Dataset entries
----

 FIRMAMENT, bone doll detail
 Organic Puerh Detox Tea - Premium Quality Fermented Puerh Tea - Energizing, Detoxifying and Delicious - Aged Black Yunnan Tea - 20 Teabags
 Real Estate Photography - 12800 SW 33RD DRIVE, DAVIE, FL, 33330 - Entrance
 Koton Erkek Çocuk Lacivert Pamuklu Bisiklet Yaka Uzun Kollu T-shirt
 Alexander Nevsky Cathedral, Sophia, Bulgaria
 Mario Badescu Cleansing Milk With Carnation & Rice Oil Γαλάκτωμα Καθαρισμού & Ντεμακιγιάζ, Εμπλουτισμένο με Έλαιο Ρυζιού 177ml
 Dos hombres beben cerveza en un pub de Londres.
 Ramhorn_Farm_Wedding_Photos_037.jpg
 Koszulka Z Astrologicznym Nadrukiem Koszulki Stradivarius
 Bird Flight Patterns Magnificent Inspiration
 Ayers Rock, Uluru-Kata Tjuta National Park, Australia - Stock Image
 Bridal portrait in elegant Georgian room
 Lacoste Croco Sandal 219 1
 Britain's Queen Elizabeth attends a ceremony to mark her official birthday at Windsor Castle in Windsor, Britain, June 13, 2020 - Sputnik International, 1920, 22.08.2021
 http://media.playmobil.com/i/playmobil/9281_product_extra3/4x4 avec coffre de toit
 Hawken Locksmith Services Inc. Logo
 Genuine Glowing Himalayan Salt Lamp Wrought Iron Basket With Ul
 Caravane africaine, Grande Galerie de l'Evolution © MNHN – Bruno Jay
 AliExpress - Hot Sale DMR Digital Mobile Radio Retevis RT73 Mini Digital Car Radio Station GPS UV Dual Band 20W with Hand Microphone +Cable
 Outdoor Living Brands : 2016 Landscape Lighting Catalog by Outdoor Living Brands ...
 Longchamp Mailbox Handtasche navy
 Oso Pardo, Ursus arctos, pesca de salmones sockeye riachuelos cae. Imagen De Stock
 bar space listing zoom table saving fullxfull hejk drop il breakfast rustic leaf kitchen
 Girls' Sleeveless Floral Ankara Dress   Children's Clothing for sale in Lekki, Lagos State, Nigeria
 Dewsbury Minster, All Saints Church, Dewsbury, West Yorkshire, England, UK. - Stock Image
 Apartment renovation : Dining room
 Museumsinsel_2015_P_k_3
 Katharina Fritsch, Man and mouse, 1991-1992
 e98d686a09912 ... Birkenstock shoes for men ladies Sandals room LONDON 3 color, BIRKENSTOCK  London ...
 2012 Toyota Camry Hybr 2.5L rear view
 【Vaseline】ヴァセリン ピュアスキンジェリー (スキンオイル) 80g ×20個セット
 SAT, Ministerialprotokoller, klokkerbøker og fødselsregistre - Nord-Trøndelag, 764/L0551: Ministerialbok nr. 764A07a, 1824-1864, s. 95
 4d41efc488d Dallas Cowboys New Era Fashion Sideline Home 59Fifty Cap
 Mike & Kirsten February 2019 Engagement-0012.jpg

----

**WHAT YOU WILL DO:** Word for word, output the lines of the data from its first line through the line where "bar space listing" appears, and stop there.

**RESULT FOR THIS EXERCISE:**
 FIRMAMENT, bone doll detail
 Organic Puerh Detox Tea - Premium Quality Fermented Puerh Tea - Energizing, Detoxifying and Delicious - Aged Black Yunnan Tea - 20 Teabags
 Real Estate Photography - 12800 SW 33RD DRIVE, DAVIE, FL, 33330 - Entrance
 Koton Erkek Çocuk Lacivert Pamuklu Bisiklet Yaka Uzun Kollu T-shirt
 Alexander Nevsky Cathedral, Sophia, Bulgaria
 Mario Badescu Cleansing Milk With Carnation & Rice Oil Γαλάκτωμα Καθαρισμού & Ντεμακιγιάζ, Εμπλουτισμένο με Έλαιο Ρυζιού 177ml
 Dos hombres beben cerveza en un pub de Londres.
 Ramhorn_Farm_Wedding_Photos_037.jpg
 Koszulka Z Astrologicznym Nadrukiem Koszulki Stradivarius
 Bird Flight Patterns Magnificent Inspiration
 Ayers Rock, Uluru-Kata Tjuta National Park, Australia - Stock Image
 Bridal portrait in elegant Georgian room
 Lacoste Croco Sandal 219 1
 Britain's Queen Elizabeth attends a ceremony to mark her official birthday at Windsor Castle in Windsor, Britain, June 13, 2020 - Sputnik International, 1920, 22.08.2021
 http://media.playmobil.com/i/playmobil/9281_product_extra3/4x4 avec coffre de toit
 Hawken Locksmith Services Inc. Logo
 Genuine Glowing Himalayan Salt Lamp Wrought Iron Basket With Ul
 Caravane africaine, Grande Galerie de l'Evolution © MNHN – Bruno Jay
 AliExpress - Hot Sale DMR Digital Mobile Radio Retevis RT73 Mini Digital Car Radio Station GPS UV Dual Band 20W with Hand Microphone +Cable
 Outdoor Living Brands : 2016 Landscape Lighting Catalog by Outdoor Living Brands ...
 Longchamp Mailbox Handtasche navy
 Oso Pardo, Ursus arctos, pesca de salmones sockeye riachuelos cae. Imagen De Stock
 bar space listing zoom table saving fullxfull hejk drop il breakfast rustic leaf kitchen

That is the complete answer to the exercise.